ADOLESCENZA, CHE BRUTTA BESTIA !

Ho trovata tra le lettere mandate al Messaggero di Roma, una letterina deliziosa di una quindicenne romana che esprime chiaramente la sua opinione sulla Notte Bianca :

Notte Bianca. Di capelli

La mia Roma a me che ho solo 15 anni non ci pensa e non ci ha mai pensato. Il programma della Notte Bianca cosa mi propone? Gli spazi per i bambini ci sono eccome, fascia 6 – 11 – 14 anni, disegnini e burattini. E noi di 15, 16, 17… dove andiamo, che facciamo?
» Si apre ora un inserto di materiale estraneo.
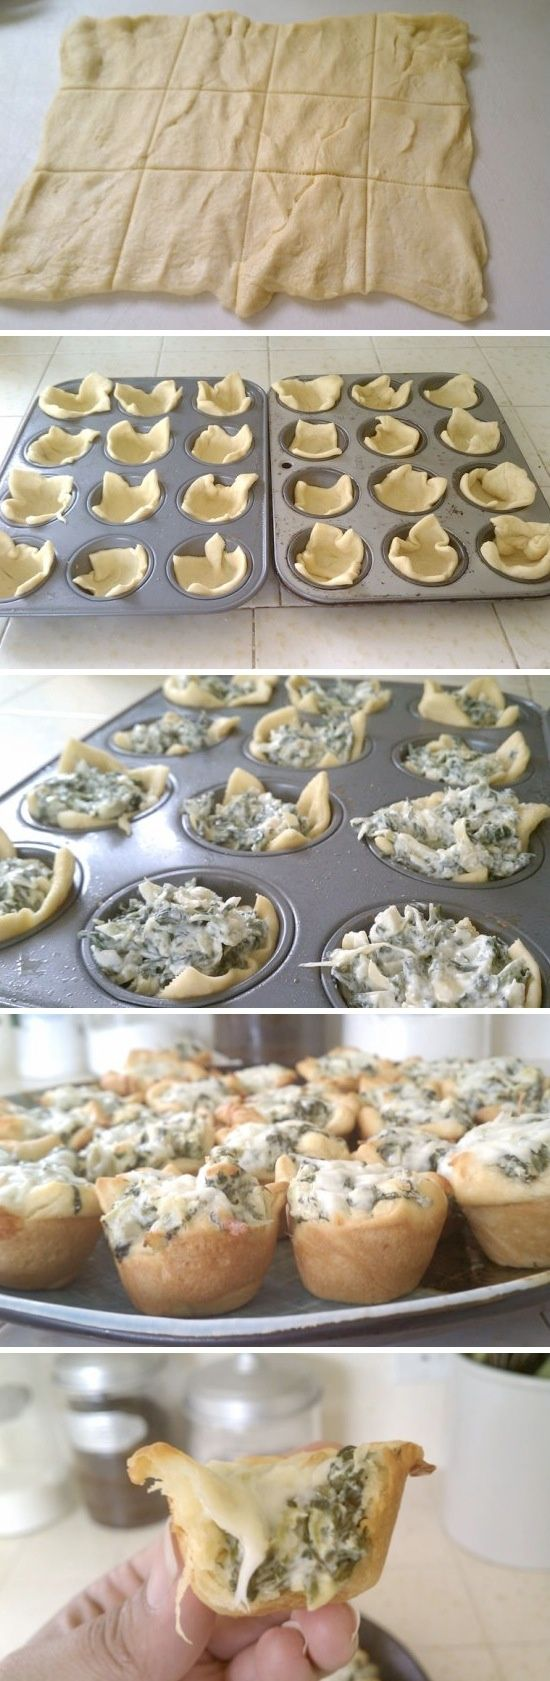 Spinach Artichoke Bites | Park House Love

La grande orchestra Armando Travajoli? Ci va mio nonno! Il concerto di Battiato? Ci va mio padre. L’unica cosa adatta a noi adolescenti è il concerto degli Zero Assoluto ma è alle 6 del mattino e i miei mi hanno dato il permesso di stare fuori fino alle 3. Grazie sindaco, sei davvero attento alle problematiche dei giovani! Complimenti! Poi vi lamentate che beviamo, ci droghiamo, non ubbidiamo… E certo, siamo abbandonati dalla società, è colpa vostra. Ma un sindaco di max 30 anni, quando ce l’avremo?
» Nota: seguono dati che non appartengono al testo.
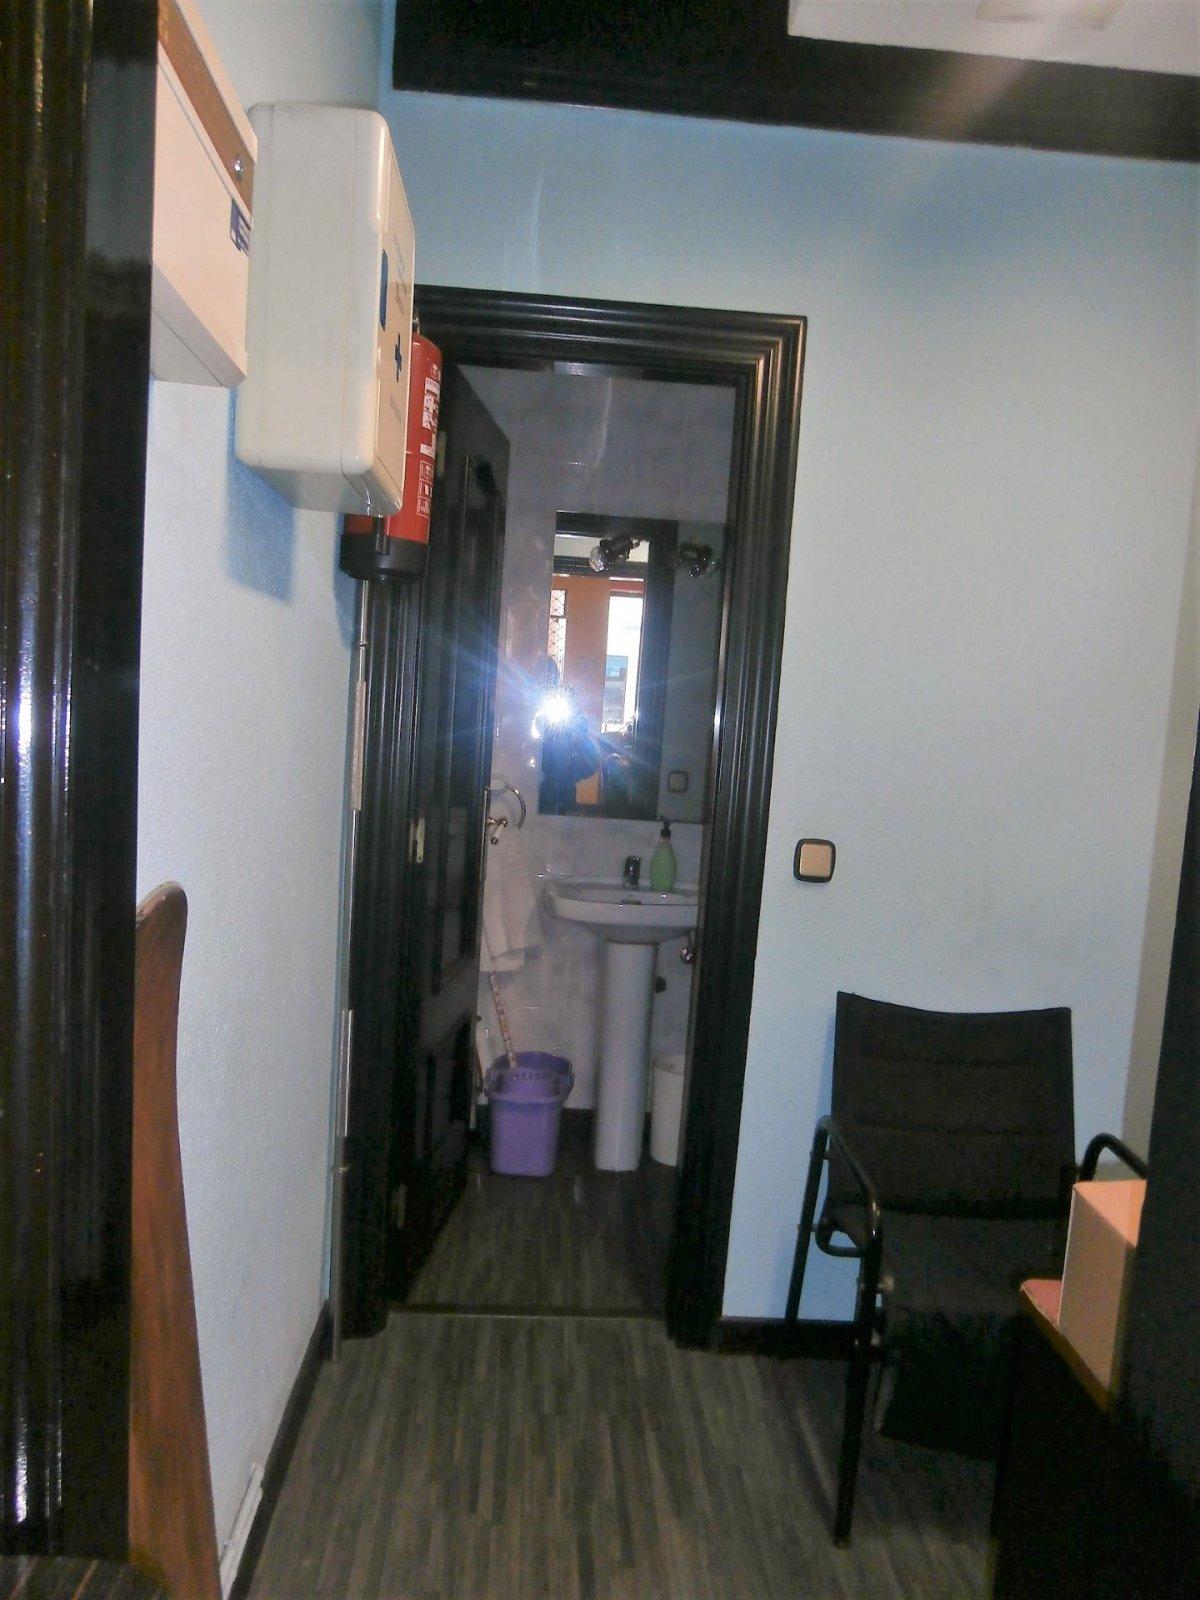 Local instalado como peluqueria - imagenInmueble12

Liliana, (8 settembre 2007)

E’ eccezionale la capacità sintetica degli adolescenti, in poche righe mettono completamente a fuoco tutte le storture caratteriali dei ragazzi d’oggi, e, contemporaneamente, le difficoltà di convivenza degli adulti con loro.

Lo stile della missiva mi crea qualche imbarazzo, ma dipenderà forse dalla mia età.

Il fatto che un evento di tale portata non abbia spunti di divertimento per un adolescente lo trovo veramente incredibile, visto che c’erano spazi culturali aperti, e, soprattutto, c’era la città piena di vita, illuminata, esuberante in ogni suo cantone, ed il semplice piacere di incontrare un vero e proprio scampolo di mondo, con le sue stranezze ed i suoi colori, dovrebbe essere fonte di svago; Molti anni orsono ho passato pomeriggi interi a piazza Navona, seduta con gli amici a commentare quello che ci passava di fronte, era meno caro e più divertente di un film.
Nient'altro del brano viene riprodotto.